Dans un post récent, j'indiquais qu'on avait de bonnes raisons de penser que l'adoption dans des familles homoparentales pouvait mieux se passer que dans des familles "normales". On pourrait également opposer aux adversaire du mariage pour tous, l'évolution rapide de cette institution. Il a suffi de trois générations pour qu'elle change complètement d'allure.

Je ne suis en rien un spécialiste de ces questions, mais il me suffit de regarder le cas de ma famille. Mes grands-parents avaient une famille élargie. Vivaient chez eux, leurs trois enfants, un oncle fauché qui faisait office de chauffeur, une nièce orpheline qui gardait les enfants et plusieurs domestiques. Famille rurale traditionnelle transposée dans une petite ville.

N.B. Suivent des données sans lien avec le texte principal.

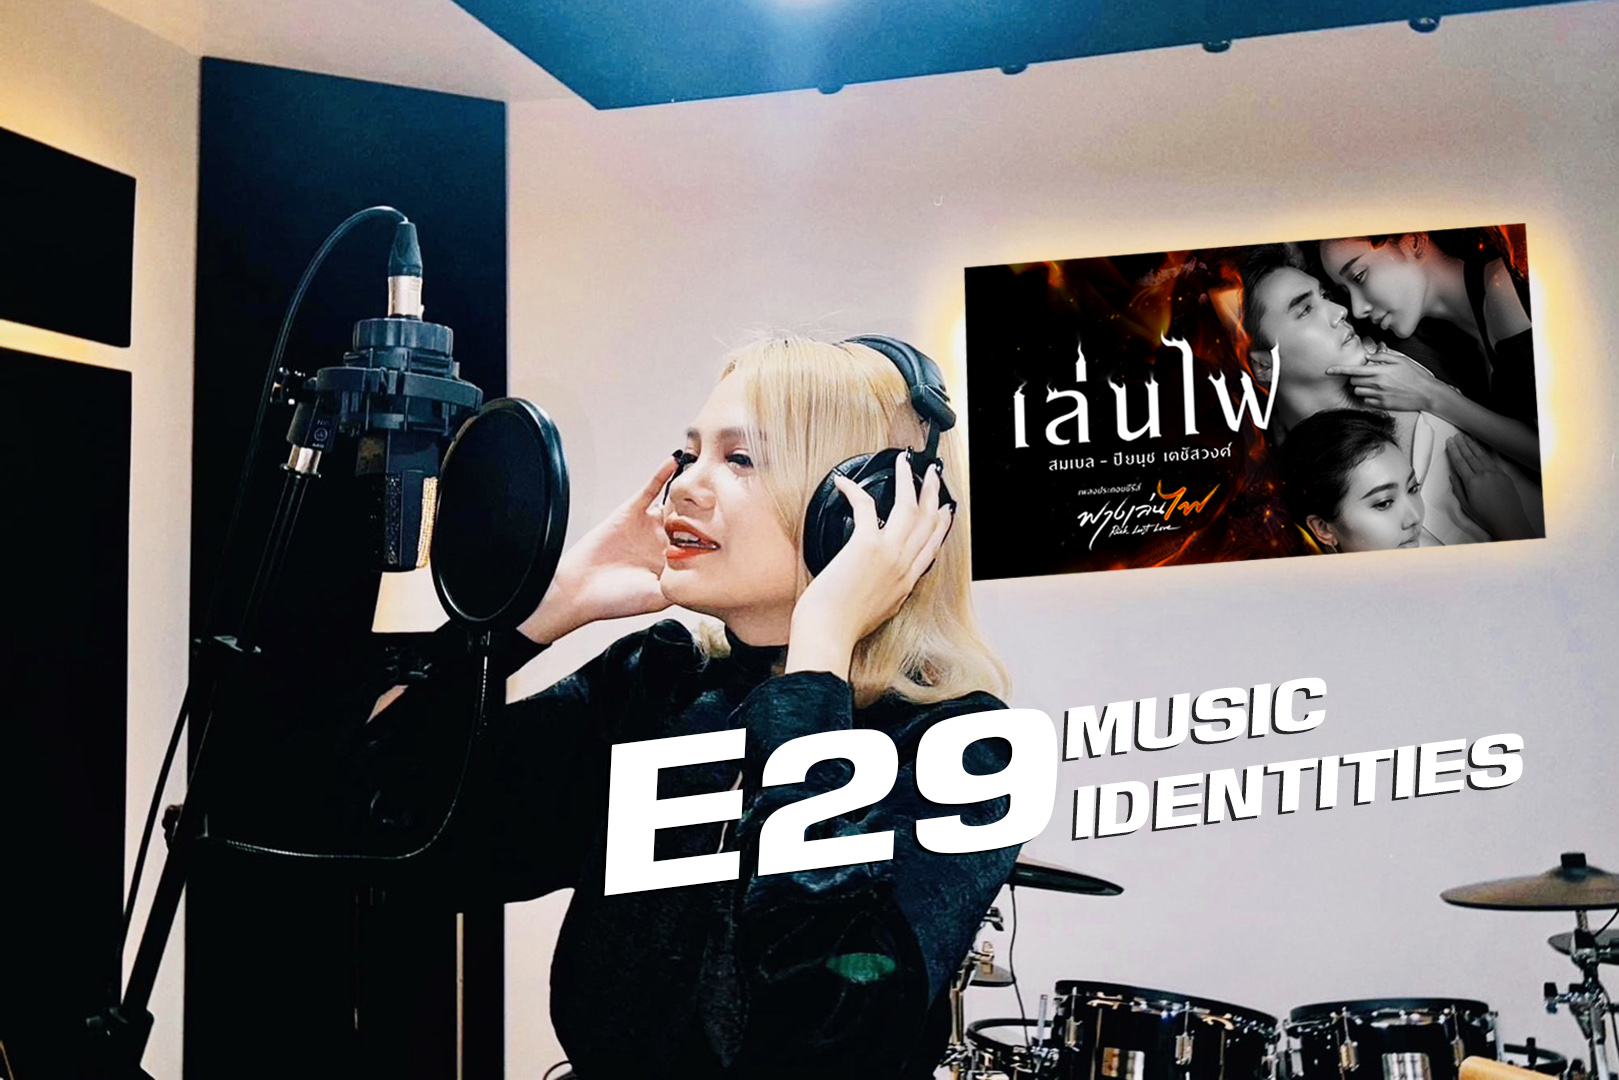 “E29 MUSIC IDENTITIES”

Mes parents illustraient à merveille la famille nucléaire : deux parents, deux enfants.

Ma génération a inventé la famille recomposée où l'on se retrouve parent des enfants de son conjoint.

Trois générations, trois modèles différents.

Le mariage pour tous n'est qu'une nouvelle évolution de cette institution. Prétendre que la famille nucléaire est un modèle inscrit dans le marbre est donc une ânerie que chacun peut éviter de répéter en regardant autour de soi ou en interrogeant son histoire familiale mesurer l'inanité.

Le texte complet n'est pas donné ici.